Heat map of the top 10 downregulated and upregulated DE-miRNAs in Non-ALI group vs ALI group. The color key indicates the expression level of the miRNAs. *DE-miRNAs* differentially expressed miRNAs; *Non-ALI group* patients with acute type A aortic dissection without acute lung injury, *ALI group* patients with acute type A aortic dissection with acute lung injury.

Prediction of transcription factors (TFs) of differentially expressed miRNAs (DE-miRNAs)

Based on the sequencing results above, we concentrated on the following functional study of the top 10 candidates down- and upregulated miRNAs.

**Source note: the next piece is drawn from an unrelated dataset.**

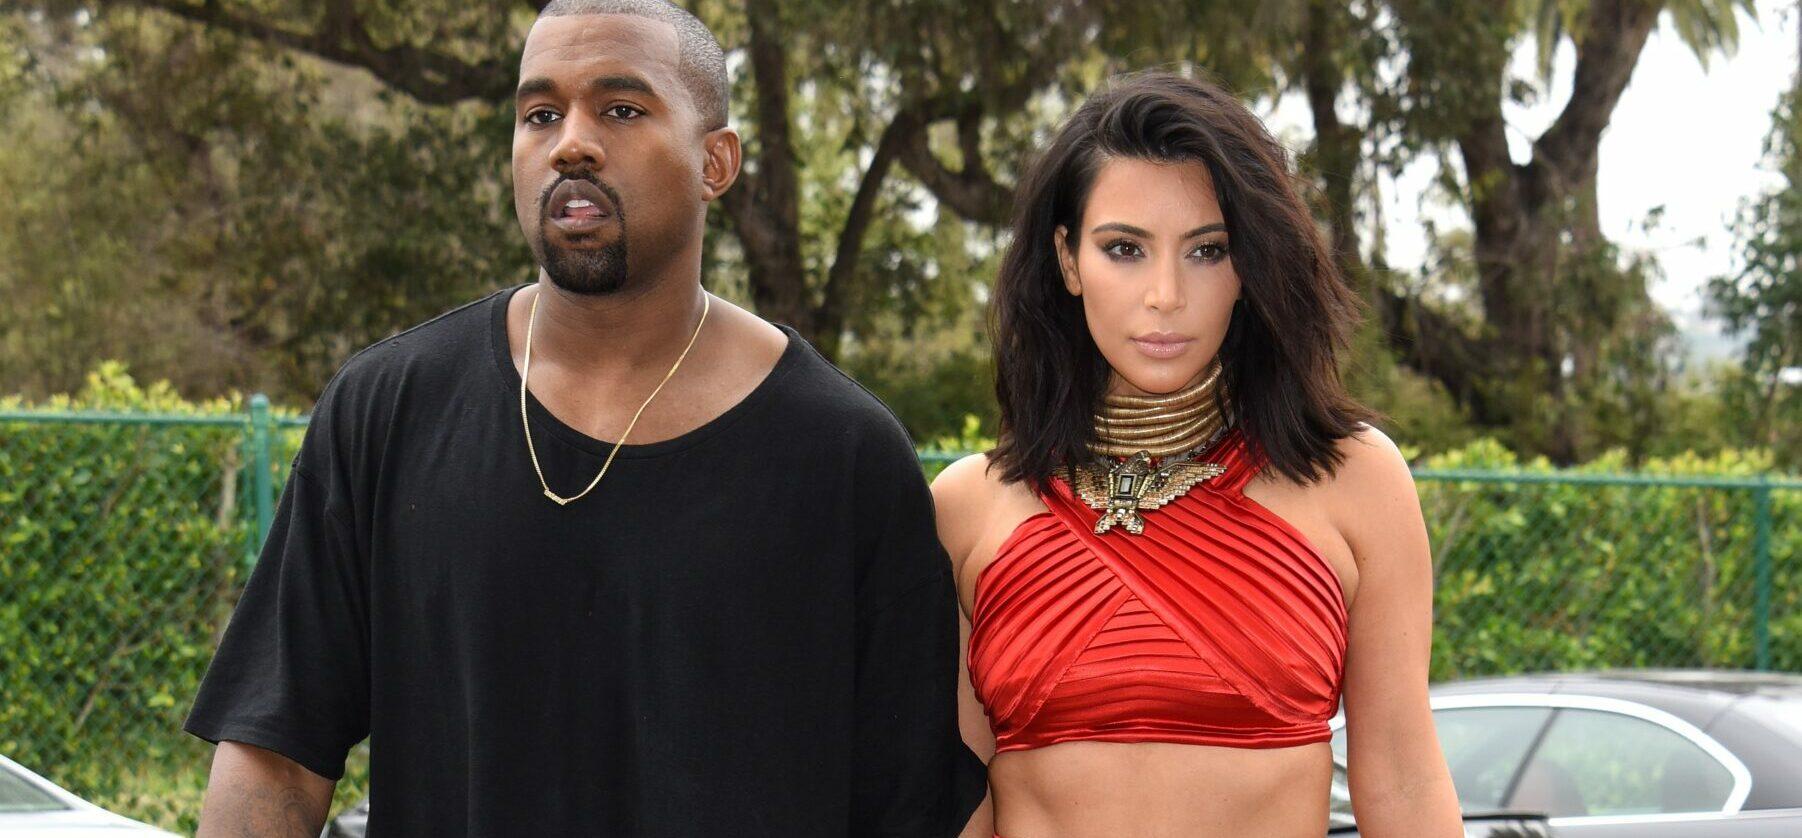 Kim Kardashian And Kanye West Take Family Vacation Amid Ongoing Divorce

Their upstream TFs were predicted by FunRich software. We listed the top 10 TFs for these DE-miRNAs, which were shown in Fig. 3a,b. For downregulated DE-miRNAs, the top 10 TFs were SMAD2, MYOCD, MKL1, SMAD4, SMAD3, NR3C1, GTF2I, NFIC, SRC and RREB1. For upregulated DE-miRNAs, the top 10 TFs were CEBPB, IL4, HOXD10, GLI1, SRSF1, ZMYND8, CCNT2, USF1, MKL1 and HMCA1.

The top 10 predictive TFs of DE-miRNAs. (a) The top 10 TFs of downregulated DE-miRNAs; (b) the top 10 TFs of upregulated DE-miRNAs. *TFs* transcription factors; *DE-miRNAs* differentially expressed miRNAs.

Gene Ontology (GO) functional and Kyoto Encyclopedia Genes and Genomes (KEGG) pathway analysis

Initially, we used the TargetScan, miRbase and RNAhybrid websites to predict the target genes of the top 10 DE-miRNAs. Additionally, to better understand the biological function and pathways of the predictive target genes, we performed GO and KEGG pathway analysis. The biological process (BP), cellular component (CC) and molecular functions (MF) of GO analysis were summarized in Fig. 4a–c. The changes of BP were enriched in the response to hypoxia, natural killer (NK) cell proliferation, NK T cell proliferation, acute inflammatory response, etc. (as shown in Fig. 4a), and the changes of CC were enriched in the cell junction, cytoskeleton, etc. (as shown in Fig. 4b). Figure 4c suggested that the changes of MF were manifested in the protein binding, complement component C4b and C3b receptor activity, sulfite oxidase activity, etc. The KEGG pathway analysis was presented in Fig. 4d, and these predicted target genes were primarily involved in adhesion junction, necroptosis, NF-κB signaling pathway, etc.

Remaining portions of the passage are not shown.